Bauby's 140-page book informs us that he was struck down on 8 December 1995, in an abrupt and totally unexpected manner, by a cardiovascular accident. When he woke up in hospital, he was terrified to find himself a victim of a mysterious condition referred to as LIS [locked-in syndrome]. What this meant is that Bauby, while totally conscious of his situation and predicament, could no longer communicate with the outside world. Happily [the adverb is unseemly], Bauby's body retained a single functioning element: his left eye. He could flap his eyelids like the wings of a tiny but beautiful butterfly. Over a period of two months, with the help of a literary Florence Nightingale named Claude Mendibil, Bauby used the open/closed eyelid movements of this left eye as a binary semaphore device enabling him to transcribe his tale onto paper. Of an afternoon, Bauby's female alter-ego would read out aloud to her literary partner: the daily press, or even Zola.

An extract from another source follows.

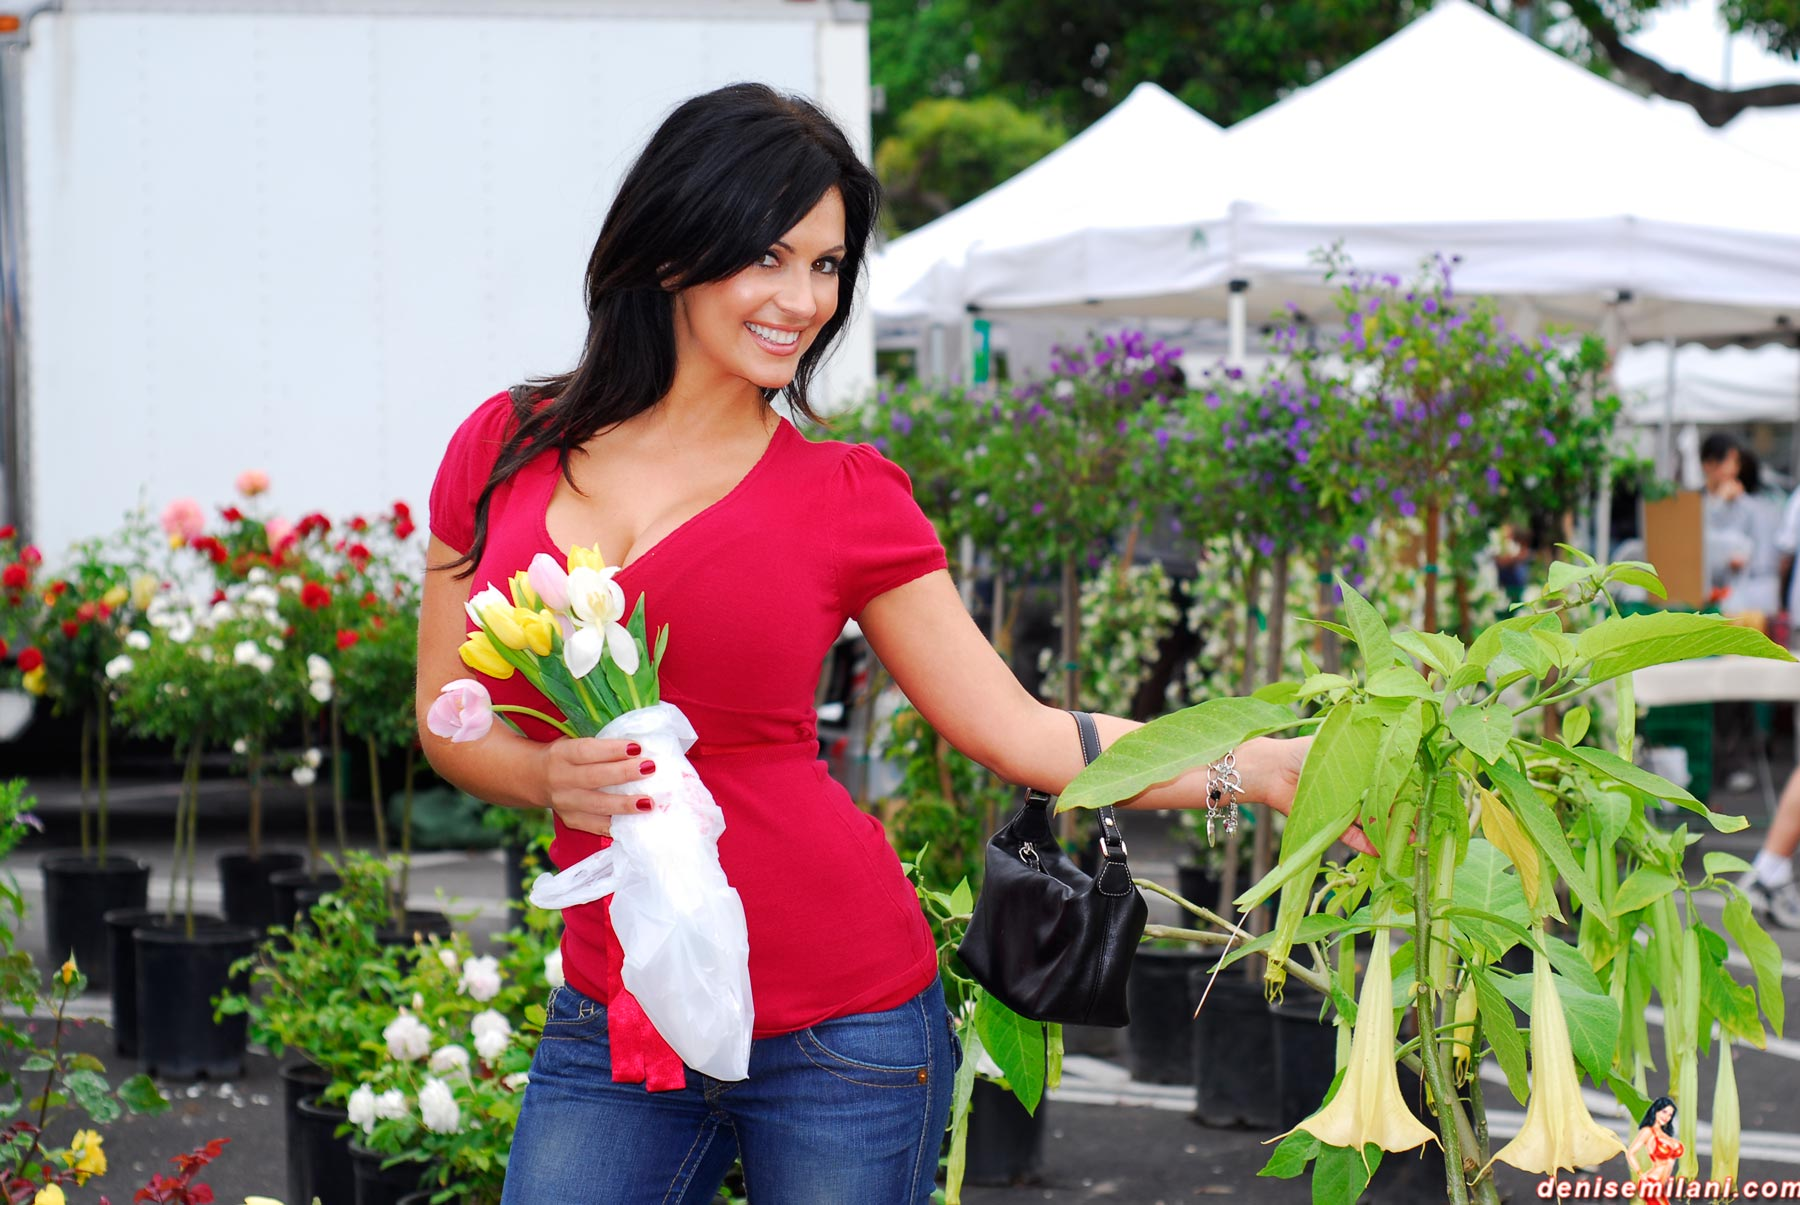 Denise Milani | At The Market

In November 1996, Claude Mendibil read out to Jean-Dô (as he was called affectionately) the final version of their typescript. Reaction of a tired but contented Bauby: "I could never have written another line." The best-seller was born. And Jean-Dô disappeared into the diving bell of Eternity exactly four days after its publication.

Since then, his book has appeared in English. And today, a film on the awesome drama of Jean-Dominique Bauby is being shown at Cannes.

I was wrong in thinking, once upon a childhood time, that there are thoughts that should simply go away. In thinking of such unthinkable thoughts, we unlock the locked-in world. In writing about the unwritable, we achieve, not only art and enlightenment from anguish, but profound freedom.